Richmond is not the only community to have recently lost a local paper. In 2015 alone, several community newspapers across British Columbia closed down. The Tri-Cities NOW, the Burnaby NewsLeader and the New Westminster NewsLeader closed on October 1st (Hui, 2015), and back in March, the Oceanside Star and the Courier-Islander both published their final editions (Braganza, 2015). These closures are the consequence of a large sale of local newspapers between Black Press and Glacier Media that have given each company monopolies in different parts of the province. “The deal lessened competition by giving Glacier a community-newspaper monopoly over the western part of the Lower Mainland and Black Press a monopoly in eastern suburbs of Vancouver” (Hui, 2015). This trend that is seeing so many local newspapers close is not something that has been isolated in British Columbia, or even in Canada – there were 101 local newspapers that were closed down across the United Kingdom “between July 2008 and August 2009” (Fenton, 2011, p. 65).

This is a trend that cannot be ignored. Sure, new technology, particularly the Internet, has helped to facilitate a media environment that

is characterized by the availability of a seemingly infinite amount of information. It is possible to spend the entire day online and never face an information lull. This is not inconsequential because it is easy to celebrate the volume of content that is available and possible, while forgetting to consider the types of content we are consuming. Quantity and quality of information are not the same things, and it is easy to lose sight of that online. The quantity of information available, and the ease with which anyone can produce and distribute their own content is a great benefit of new technology. It is why it is easy to say that journalism is currently in the midst of the best of times. The opportunity for more content to be created and distributed sounds very promising. But the quantity of content that is out there is also why it is now the worst of times in the journalism industry. The Internet has given us the capacity to post more content, but because it has caused chaos in terms of the financial model of newspapers, it has also led to less diverse content because there are fewer people working as professional journalists. It has also created a media environment where it is easy to get lost in a sea of content, and not all of that content is actually contributing to creating an informed citizenry.

In this age where we are faced with an often overwhelming amount of content, community news brings us information that impacts the decisions that we make on a daily basis and keeps us informed.
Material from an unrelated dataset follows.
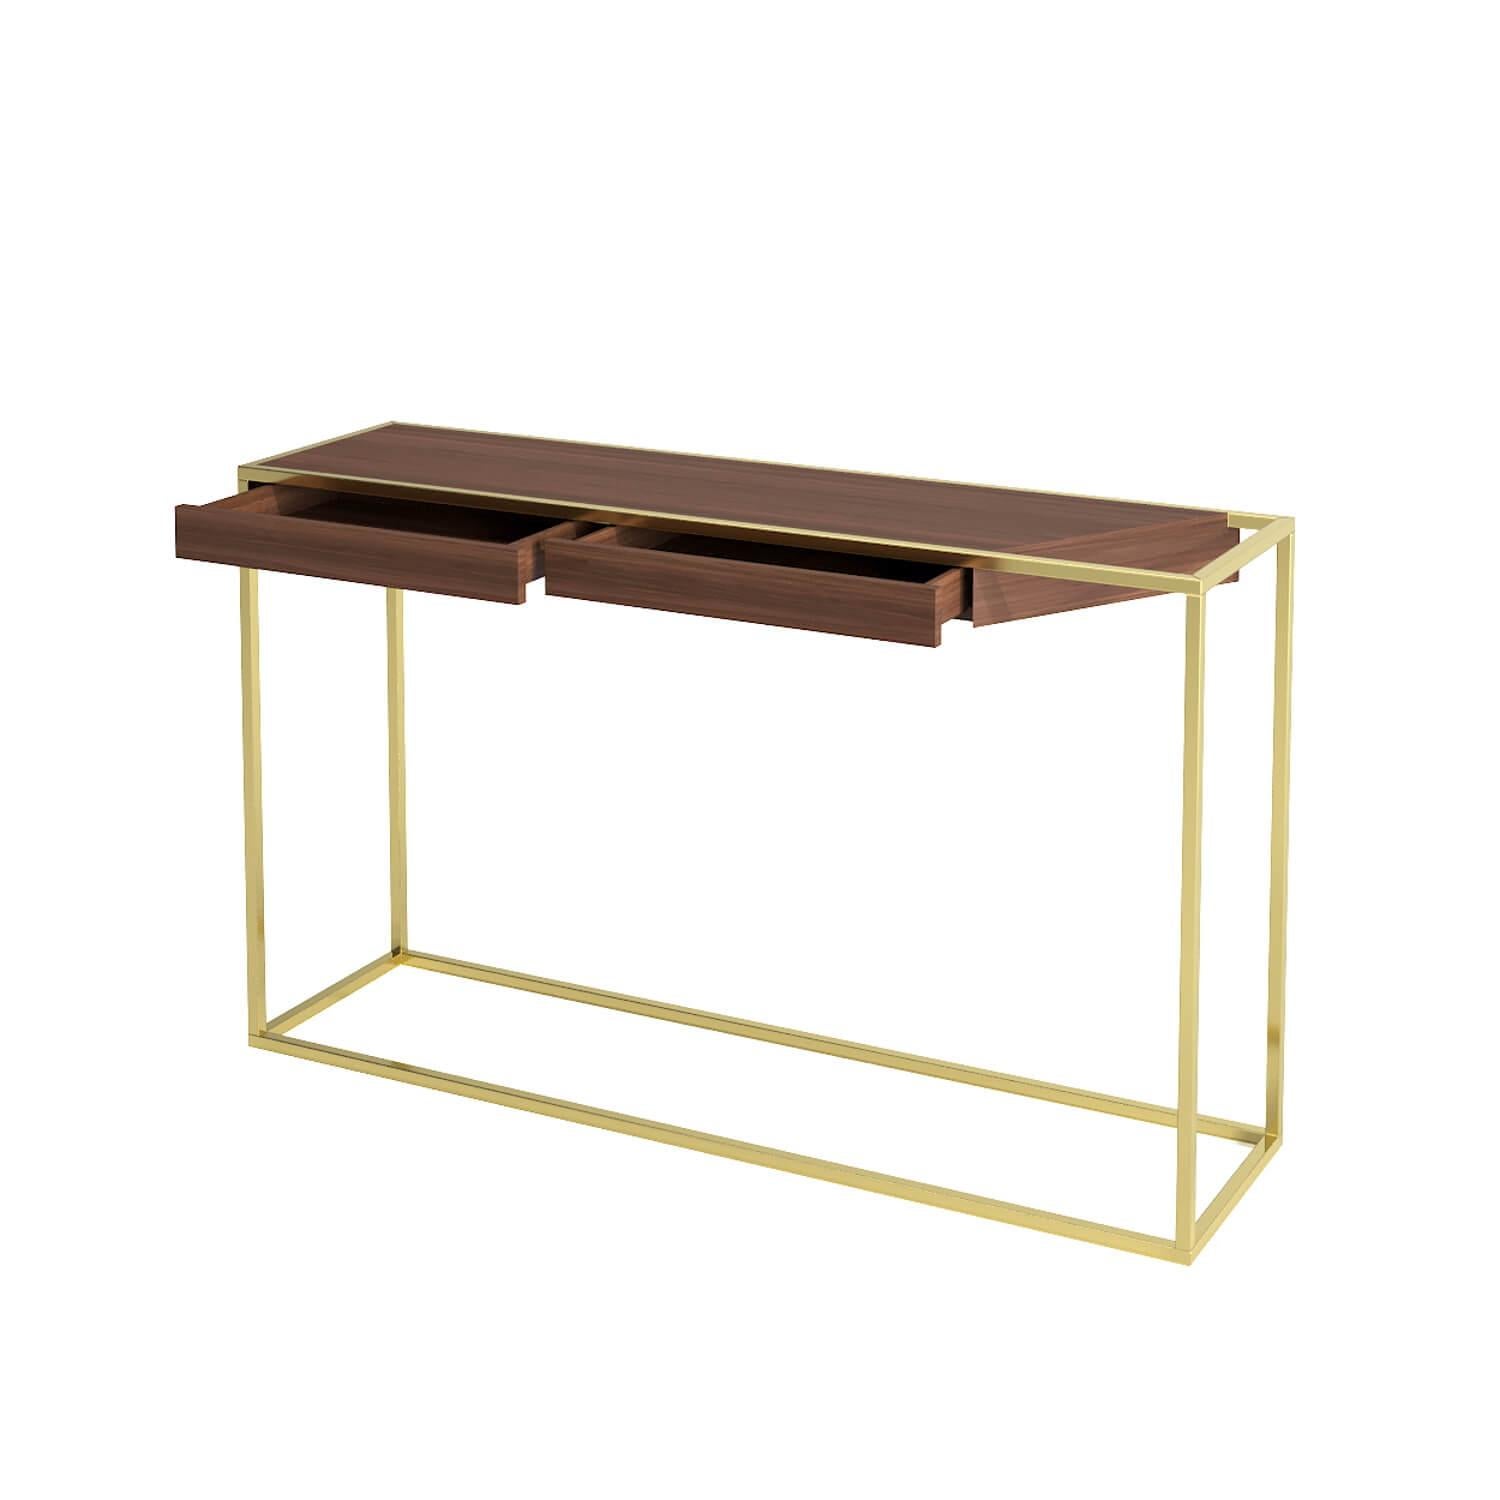 Modern Minimalist Rectangular Console Table Walnut Wood and Brushed Brass In New Condition For Sale In Vila Nova Famalicão, PT

This trend in closing down local newspapers should be taken seriously and as an opportunity for us to consider the direction the news industry is headed in. Steps need to be taken now to help rebuild a news industry that creates the conditions needed for community building and for fostering a healthy democracy. While pictures of kittens are amusing and abundant online, it is essential that news and information is being gathered and distributed that helps to inspire active citizens, thoughtful consumers and engaged community members. Community newspapers have the potential to ensure that this happens – for as long as they manage to survive.